Figure 2 illustrates the plot of the first two formants computed of both groups. The chart shows that the short vowels of non-native speakers are positioned slightly more central than their native counterparts: this tendency is more outspoken for /u/ and /i/. As it can be seen, the vowel diagram plotted for native speakers is larger than the triangle obtained by the second group. The diagram shows also that the latter is almost located inside the triangle drawn for native subjects. Statistical analysis indicates a significant effect in L2 pronunciation in both F1 and F2 formant for the vowel /a/. Likewise, results of /u/ and /i/ show also a significant effect on F1 for both vowels.

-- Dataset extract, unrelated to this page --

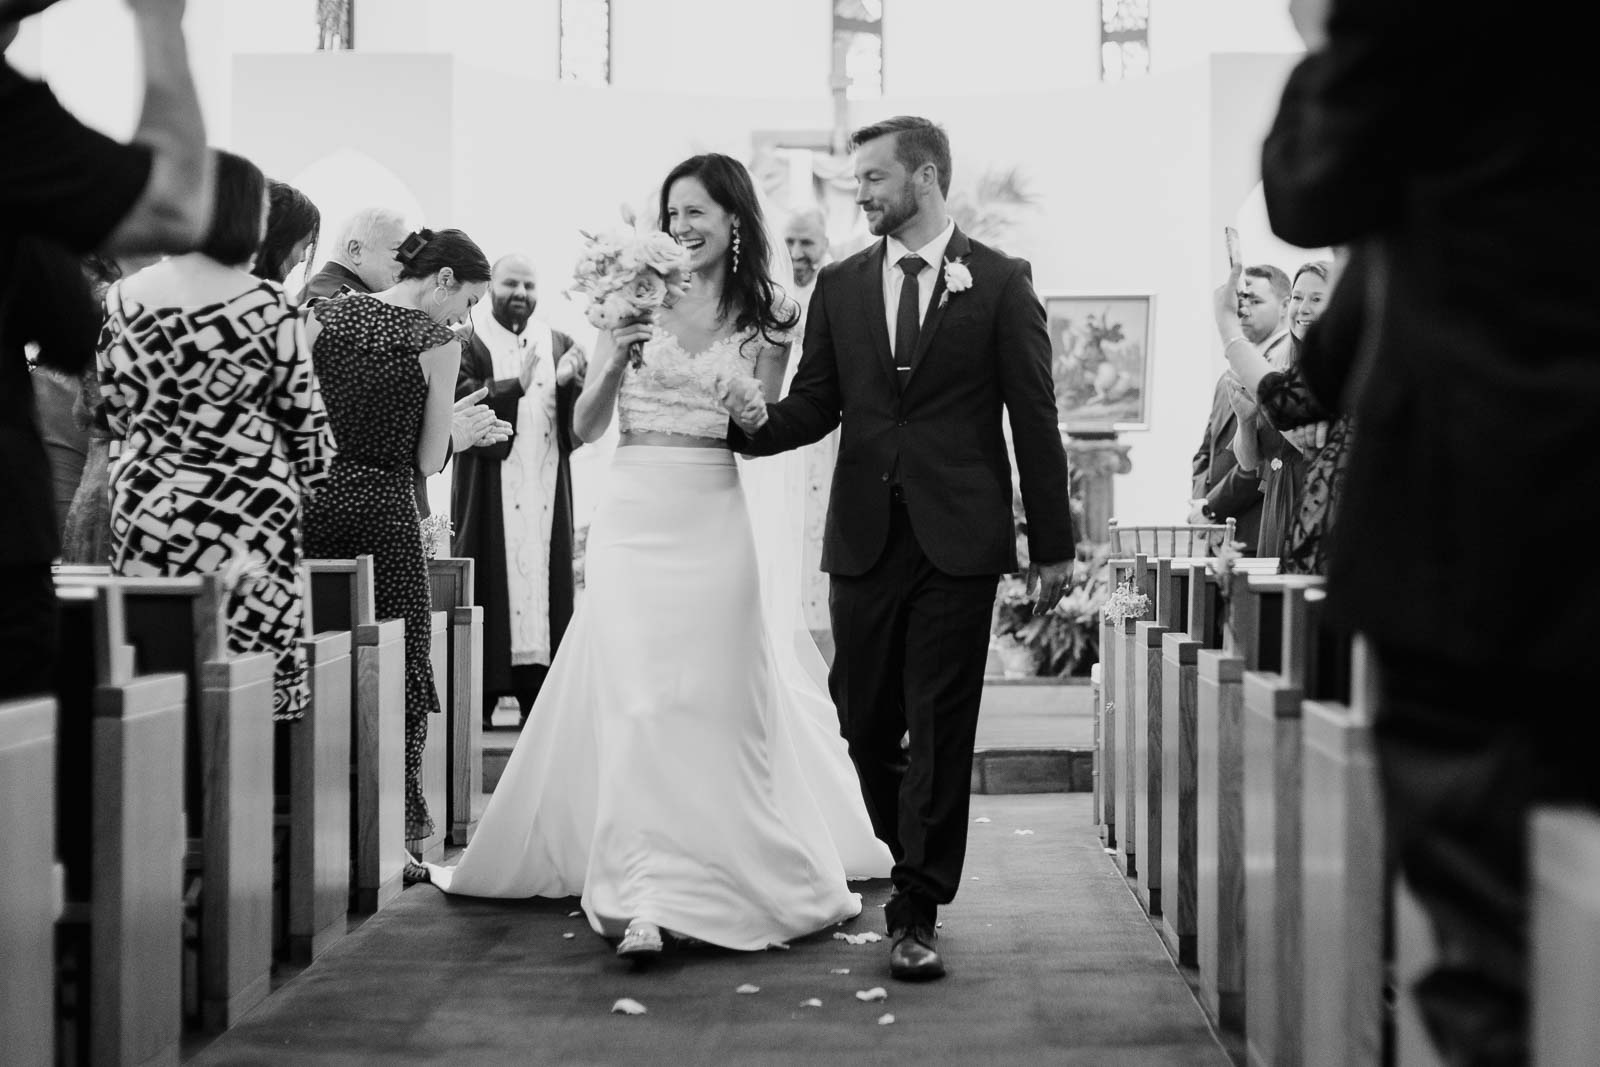 St-George-Maronite-Catholic-Church-Wedding couple just married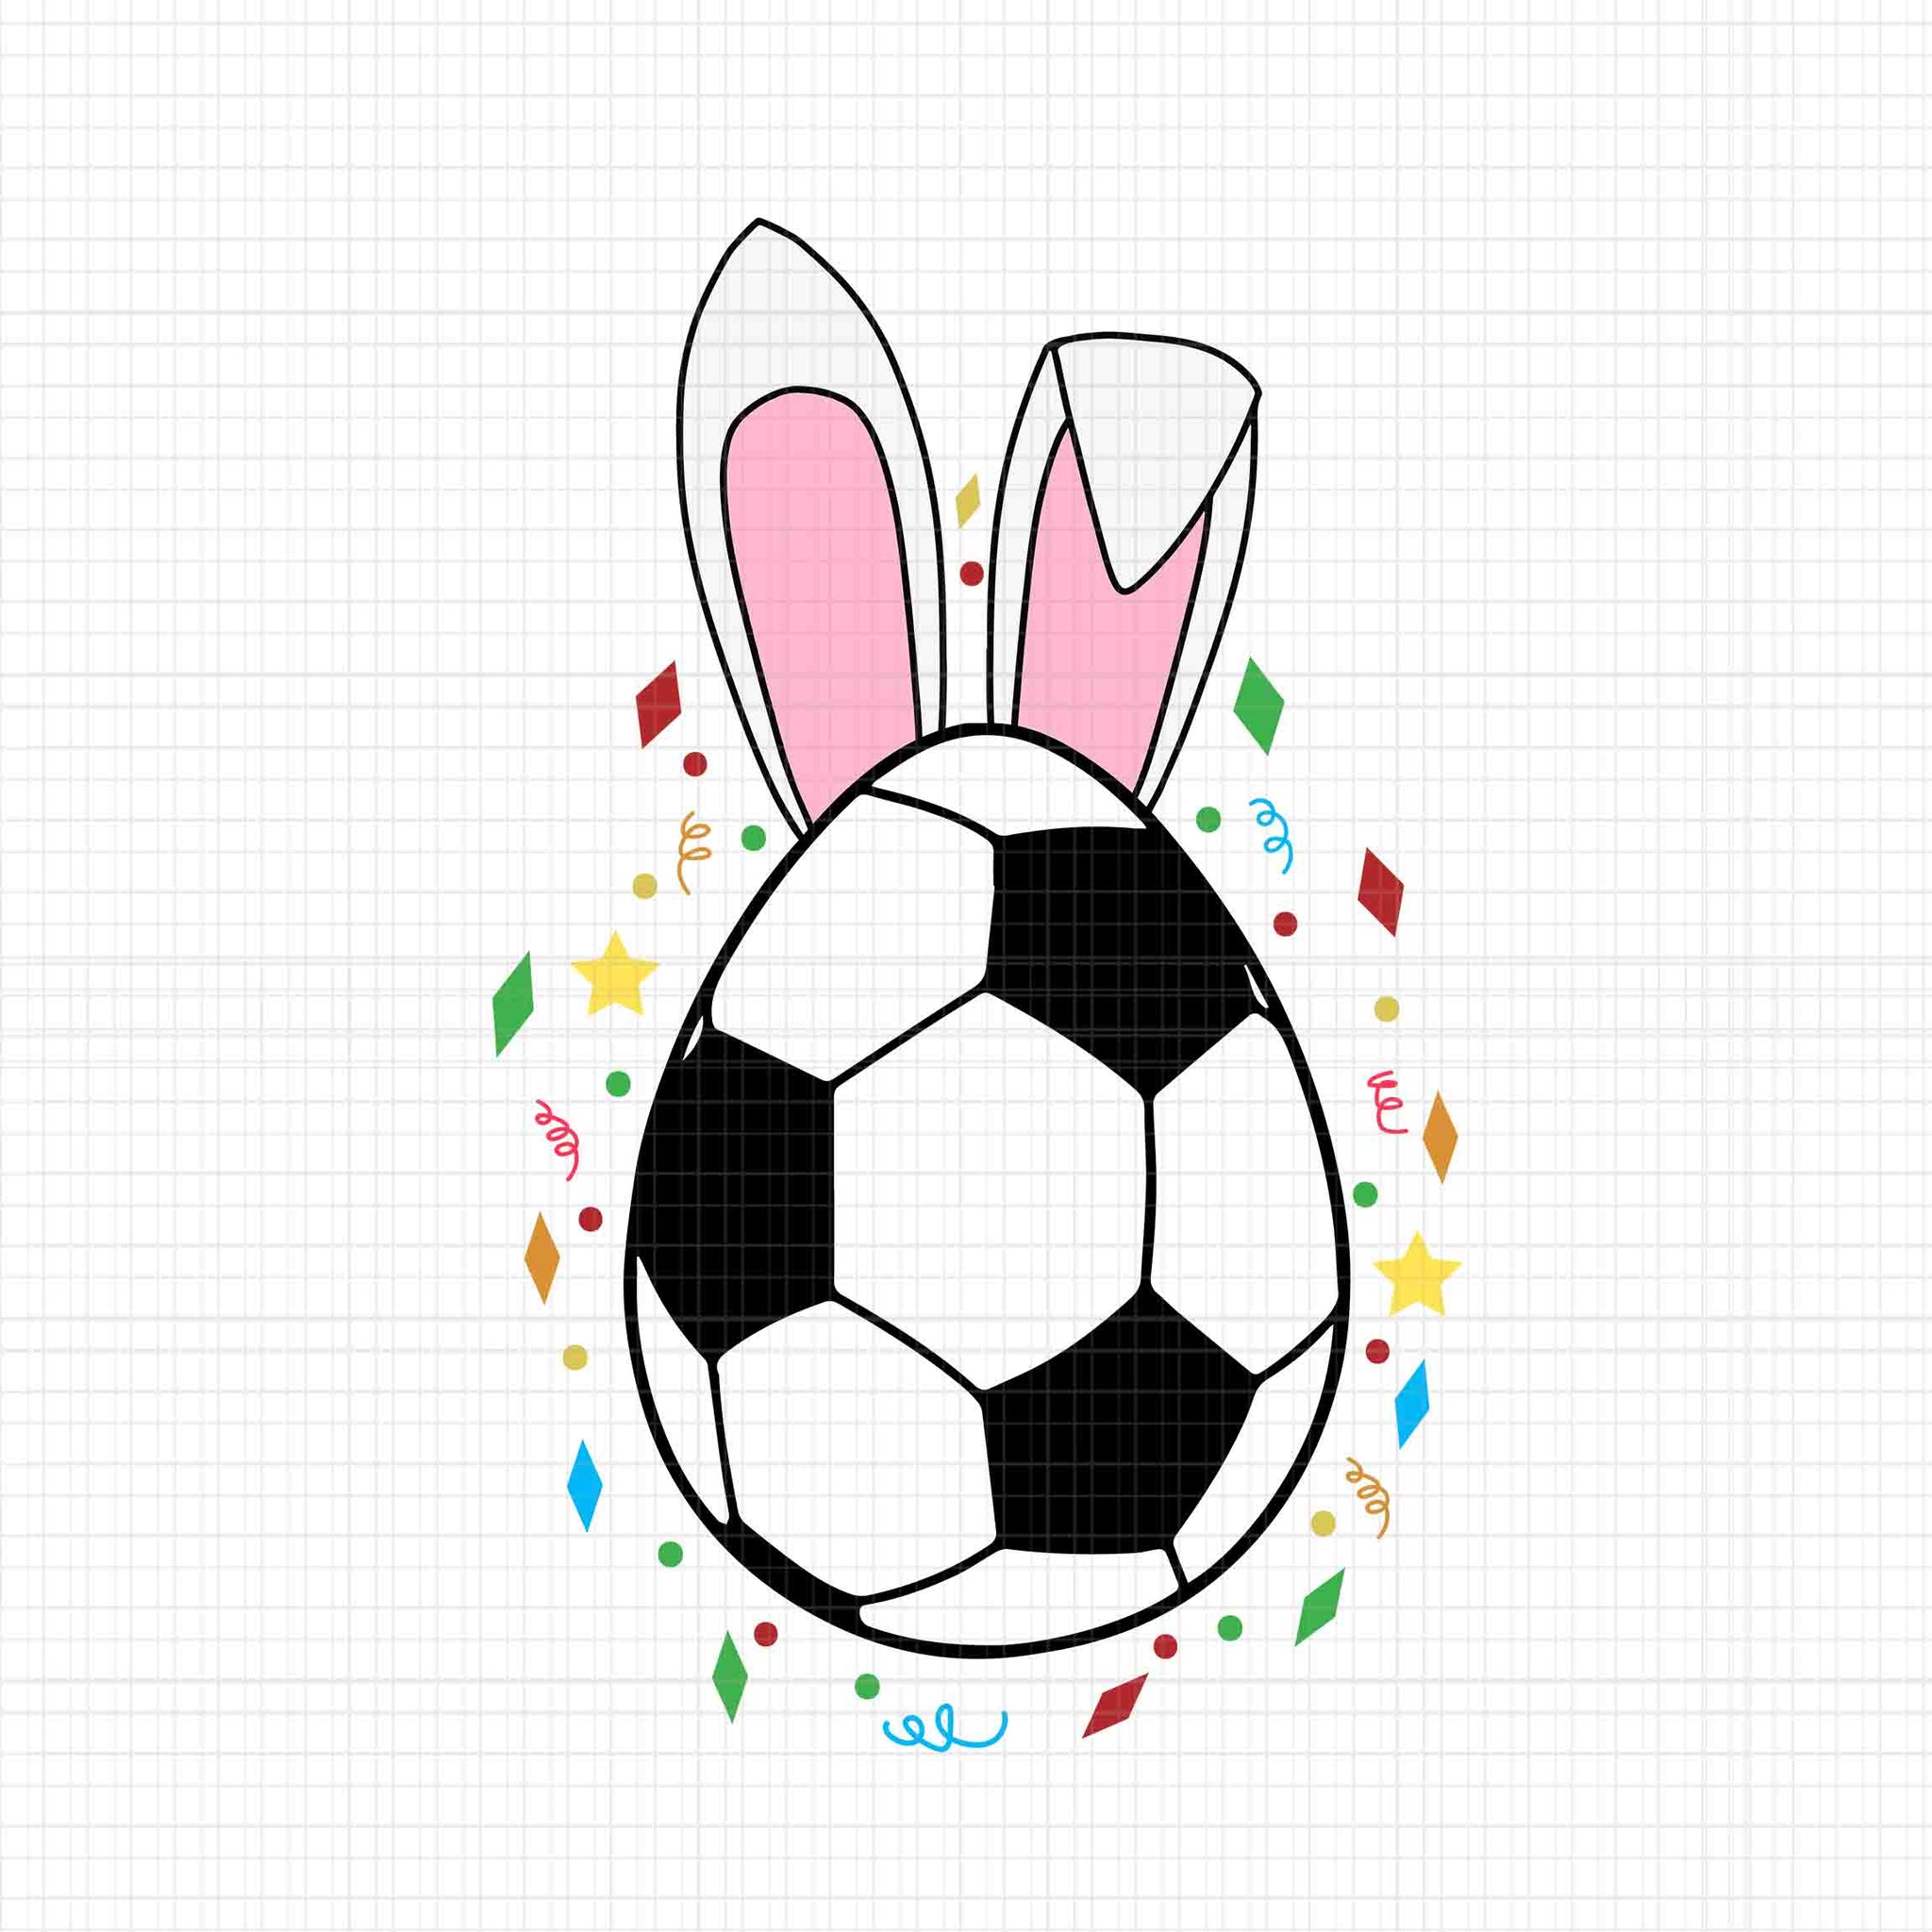 Baby Yoda Happy Easter SVG, Easter Egg SVG, Easter Bunny

Comparative analysis was also carried out between the outcomes of this study and some other previous works [14,15,16]. Indeed, we compared our results with those obtained from researches conducted on Arabic dialects (7 and 1 dialects respectiely) by [14] and [15] and another study realized on Modern Standard Arabic (MSA) [16]. The Arabic dialect accents are the Qatari, the Lebanese, the Saudi, the Tunisian, the Syrian, the Sudanese, the Jordanian and the Egyptian. The authors built their experimental studies basing on a different kind of corpus (syllable, words, and connected speech).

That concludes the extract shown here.